Wondered how people are doing boards now.


----------



## philip657 (Dec 15, 2007)

i have a problem with the Consumer units as well i cant seem to find one that takes RCBO's and still gives u space to get to your nutral bar/earth


----------



## Trimix-leccy (Dec 4, 2007)

I feel your pain!
We are trying out the Wylex dual RCD with a RCBO for the fridge freezer. Apparently the FF can be on an mcb as long as the socket is marked 'Fridge Freezer only'...but since the cable is buried in the wall [dot 'n' dab] it has to be RCDd anyway

I feel an even greater move away from domestic work coming along shortly. Just spent 9 weeks on a service upgrade from 200KVA to 1200KVA...much more interesting; transformer, Panelboards, MCCBs, UPSs, Generators, 400mm singles etc etc.
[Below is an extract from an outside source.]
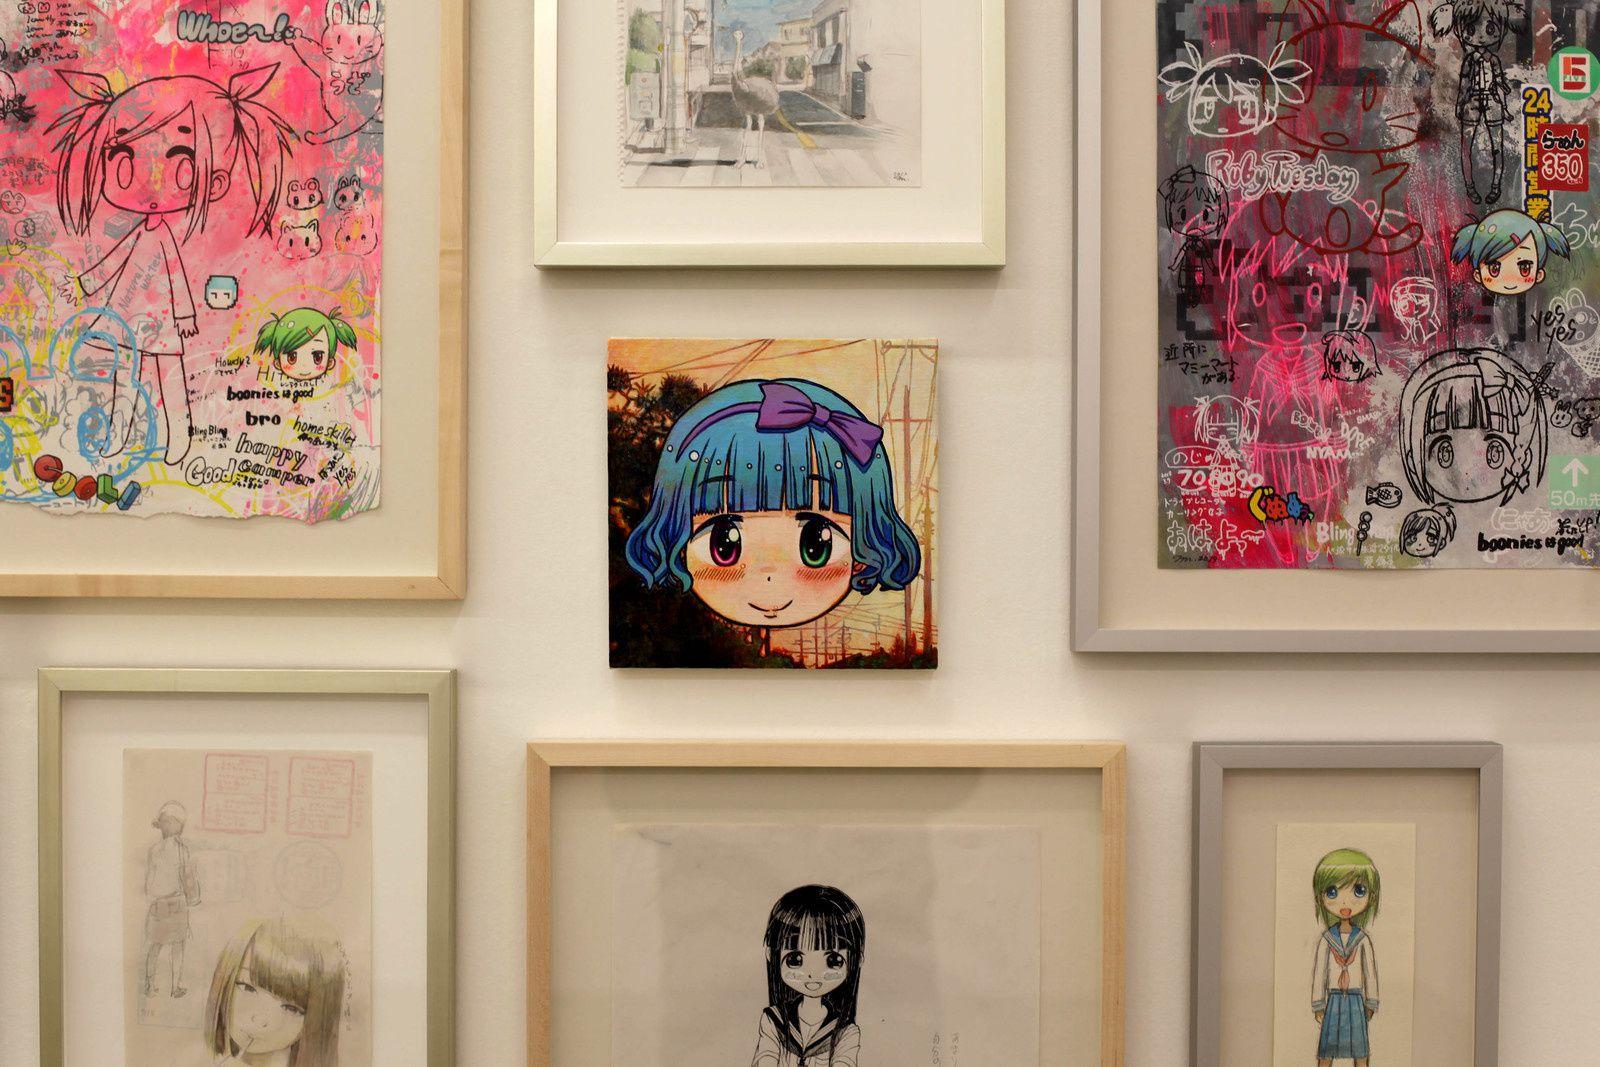 """Yui - Dusk 16:45pm"", 2018 de MR. - Courtesy Galerie Perrotin © Photo Éric Simon"
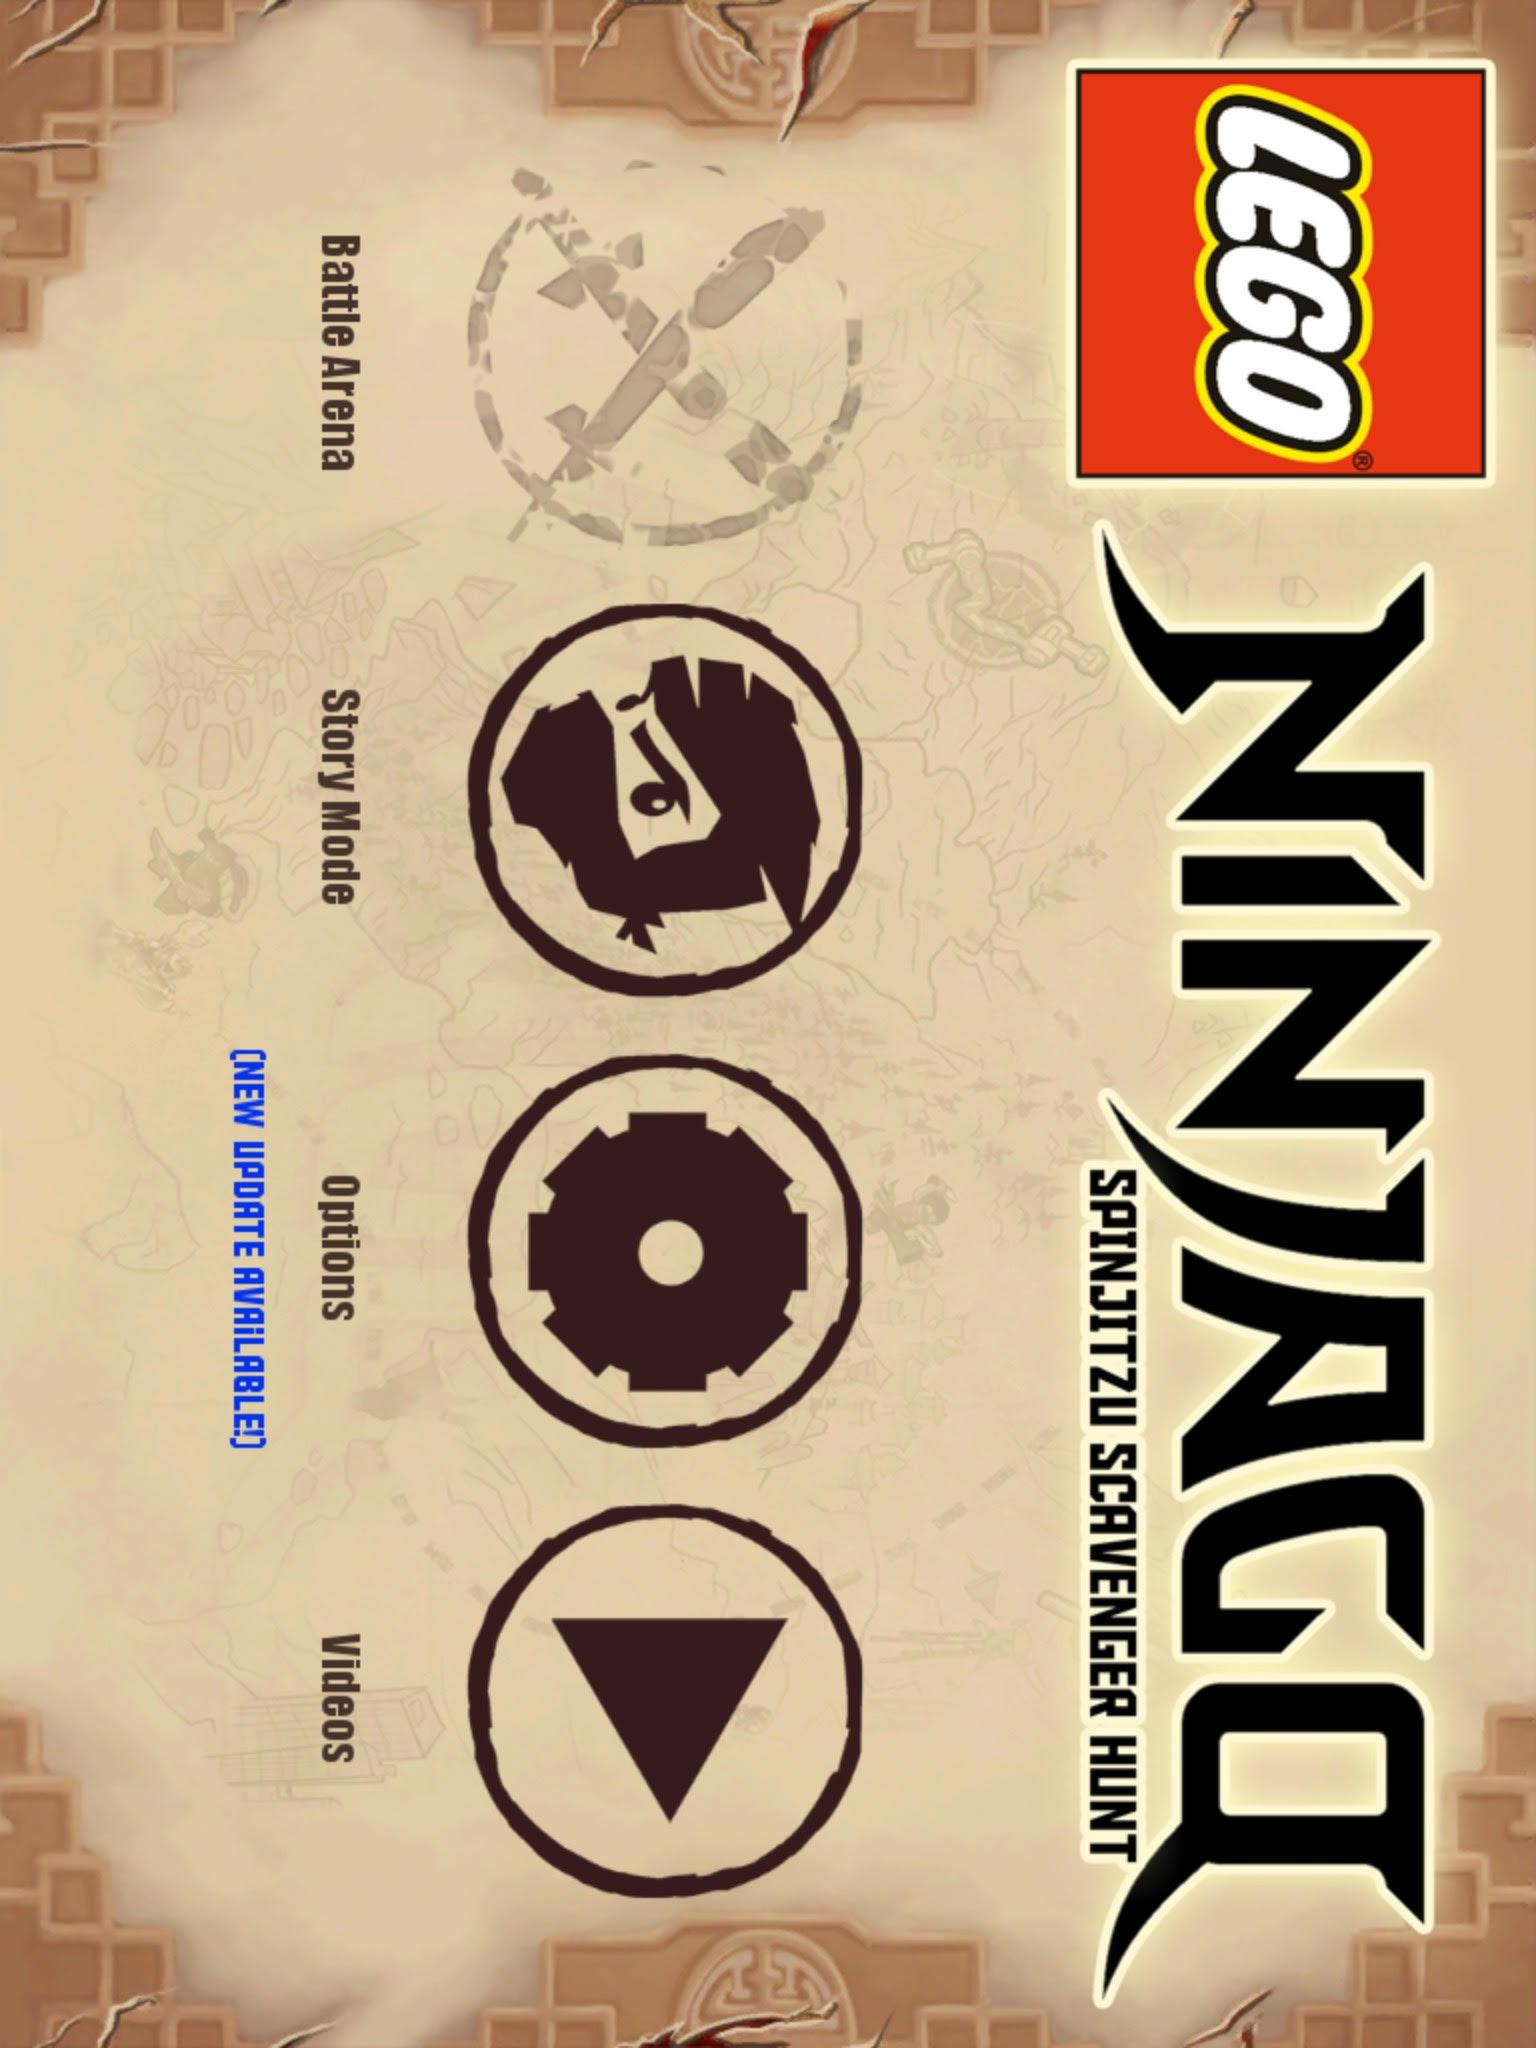 LEGO Ninjago: Spinjitzu Scavenger Hunt (Lost 2011 mobile game)

I'll try to get some pics if they will allow it


----------



## frank (Feb 6, 2007)

Said it before. Will say it again. Domestic work gives you the blues and make you cry!!!!!!!!!


Frank


----------



## Trimix-leccy (Dec 4, 2007)

frank said:


> Said it before. Will say it again. Domestic work gives you the blues and make you cry!!!!!!!!!
> 
> Yeah, but no; but , yeah, but no.
> Is that the old style blue that was a neutral if it was a flex and a phase when it was in a cable OR the new fangled blue which is now a neutral either way but then the olders black phase now becomes a neutral, innit
> ...


----------